■ DATA SEGMENT

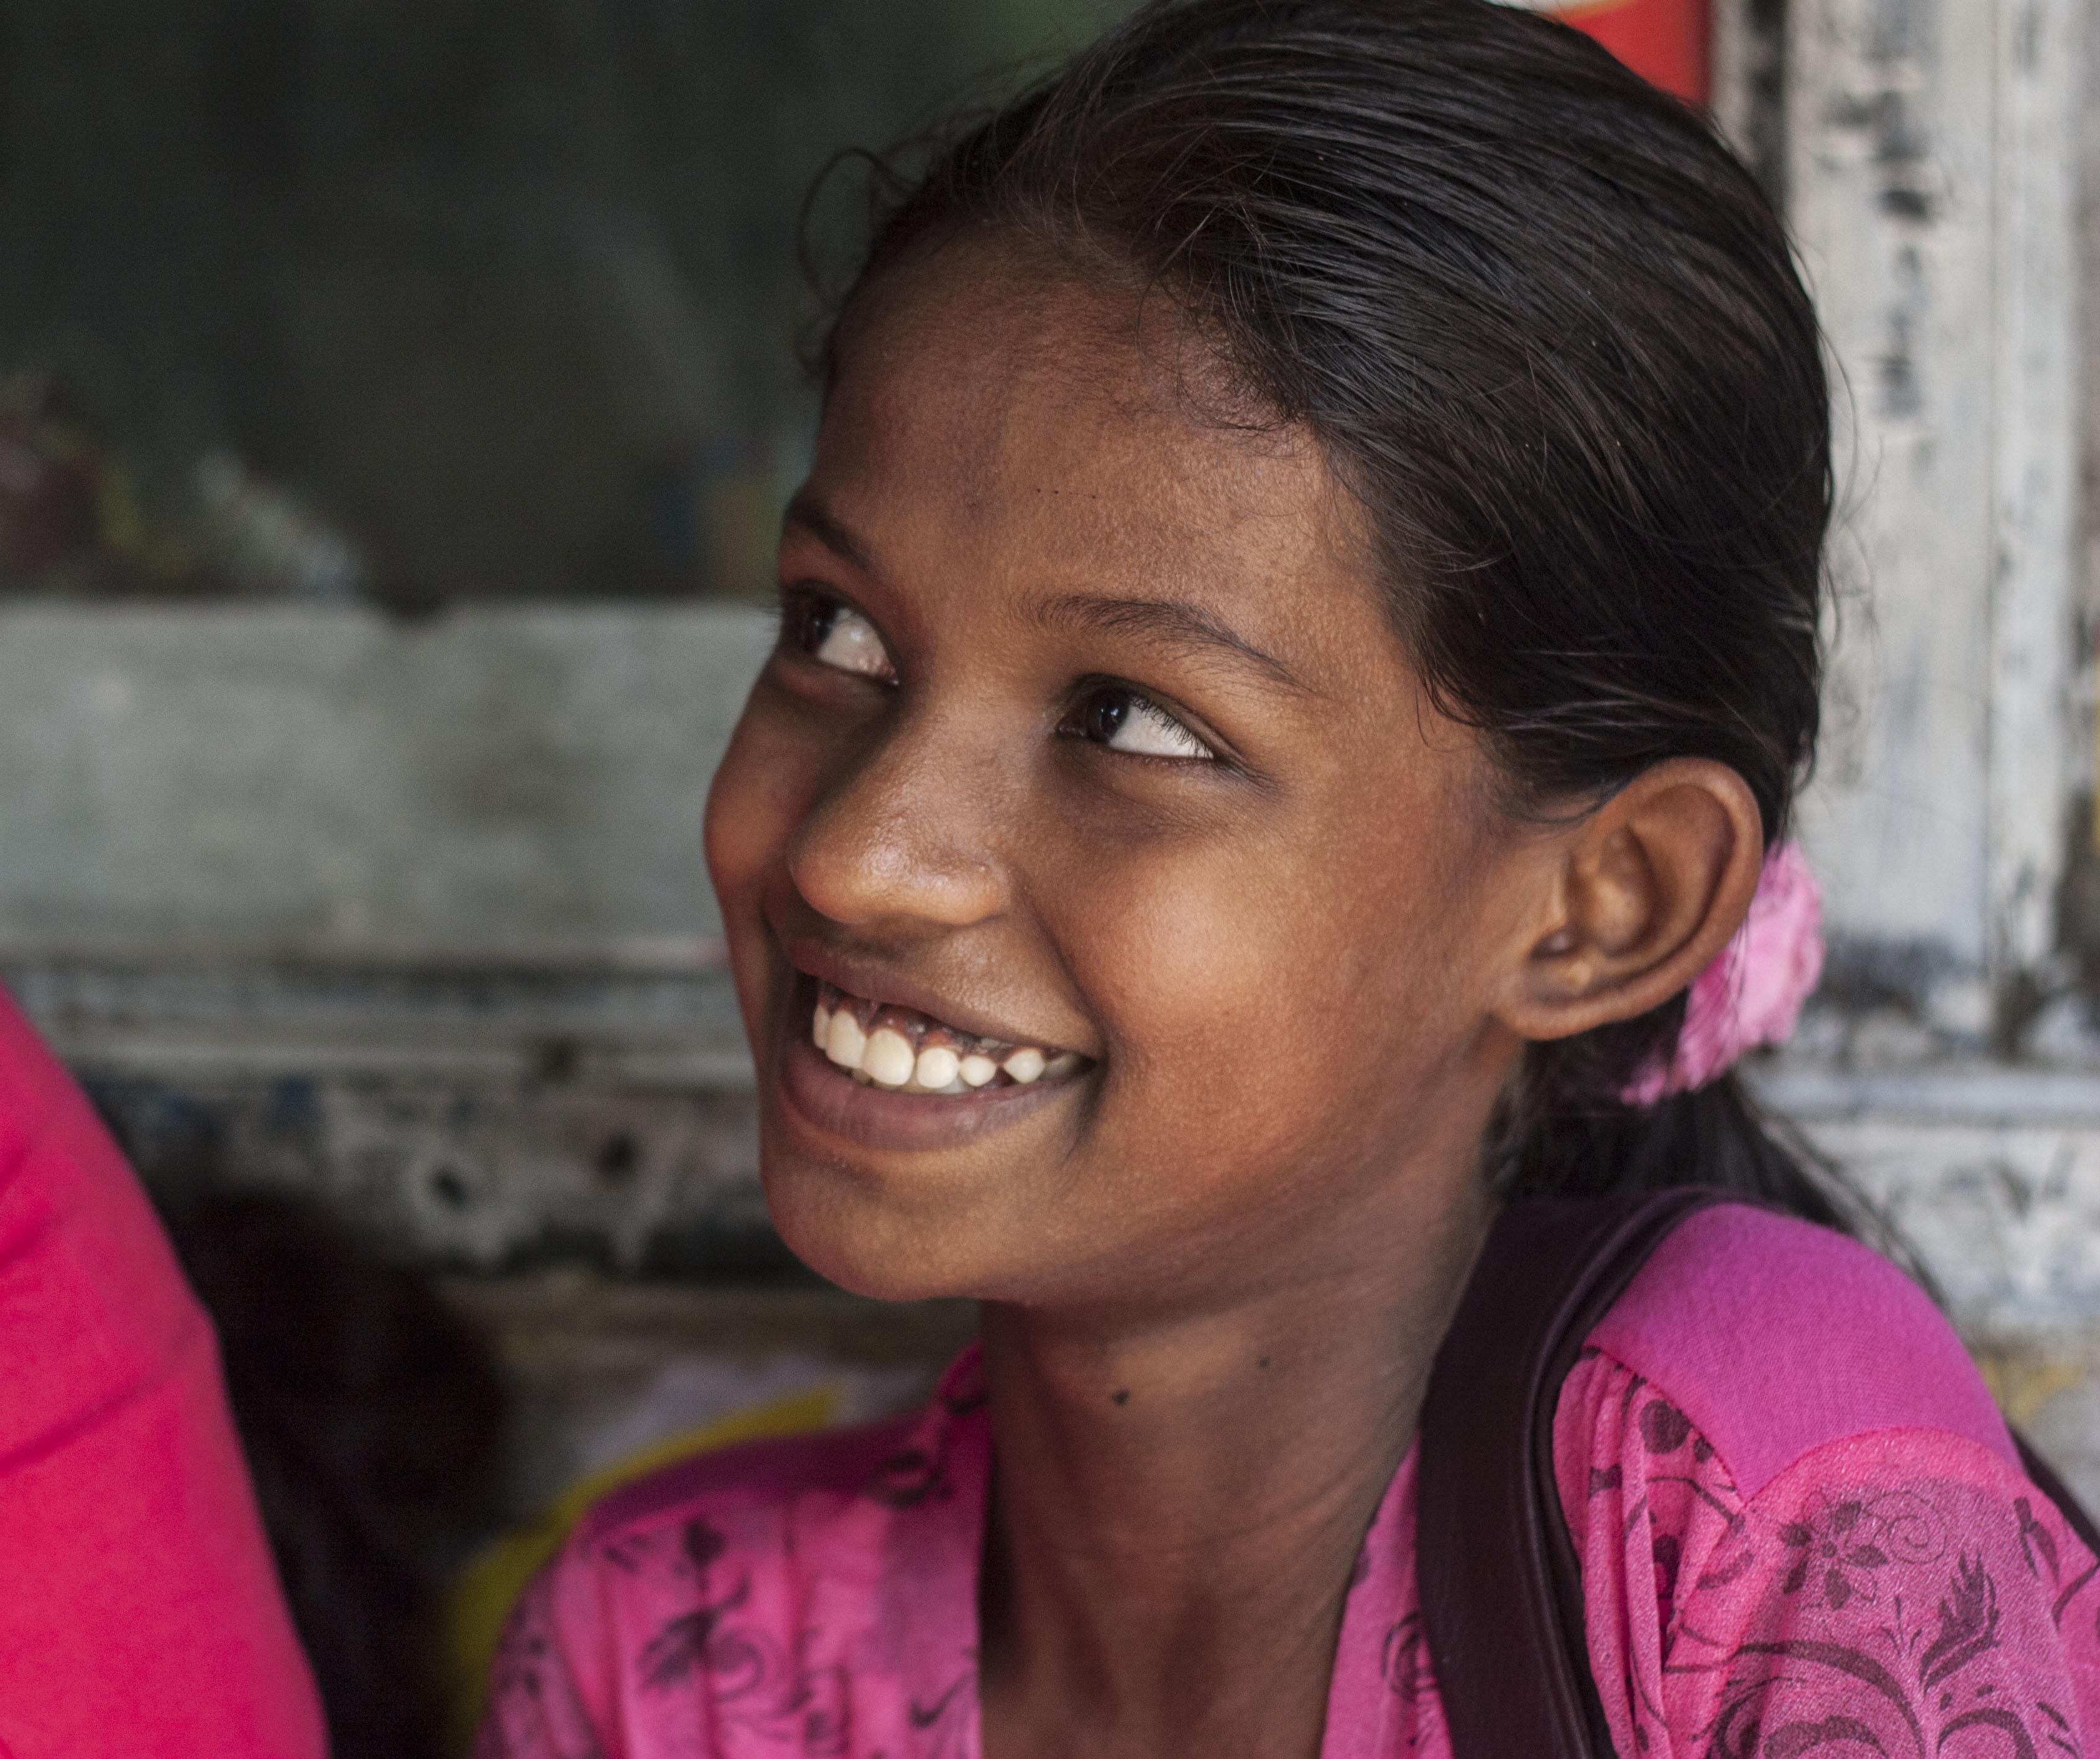 тамилы народ фото фадеев самый популярный
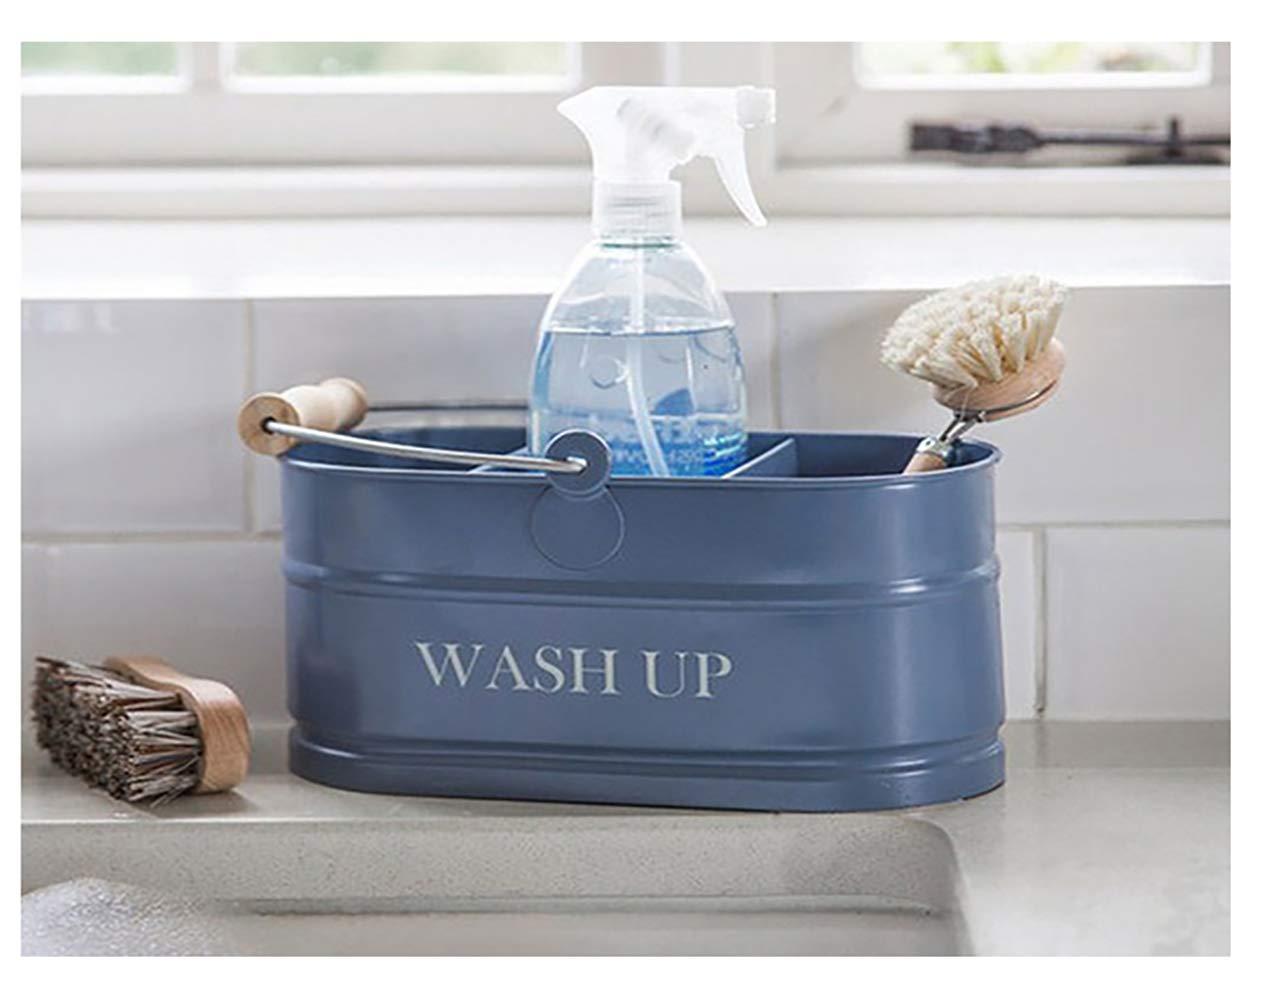 Kitchen Sink Blue Enamel Washing Up Sink Tidy Shabby Chic
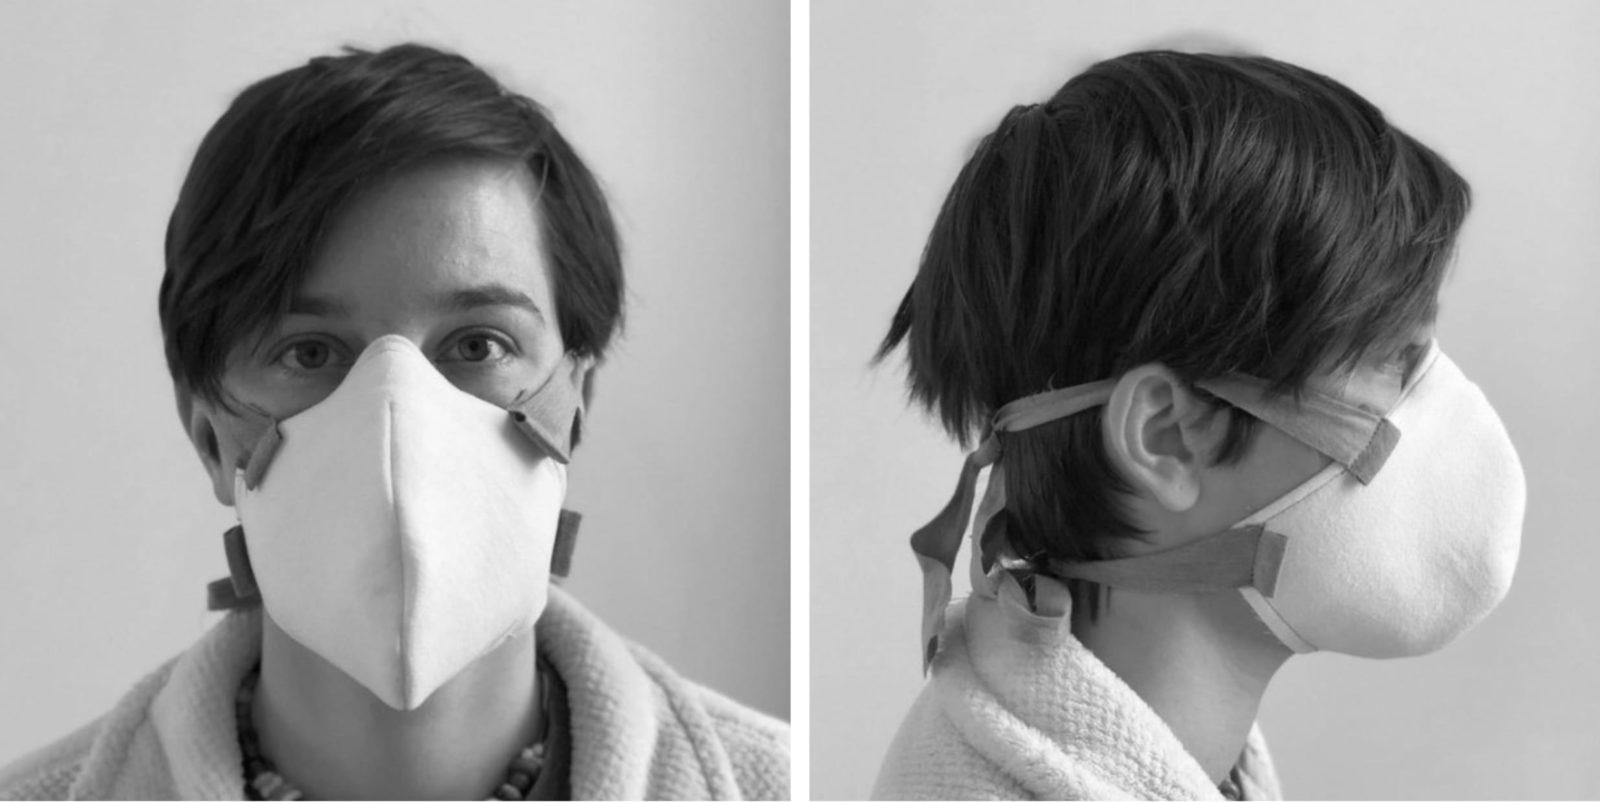 Coronavirus, lo sviluppatore di Tweetie spiega come farsi in casa la mascherina

■ WHAT NEEDS TO BE DONE
Everything from the line with "Kitchen Sink Blue" through the final line of the material is to be returned exactly, both ends included, apart from the pictures.

■ YOUR RESPONSE
 Kitchen Sink Blue Enamel Washing Up Sink Tidy Shabby Chic
 Coronavirus, lo sviluppatore di Tweetie spiega come farsi in casa la mascherina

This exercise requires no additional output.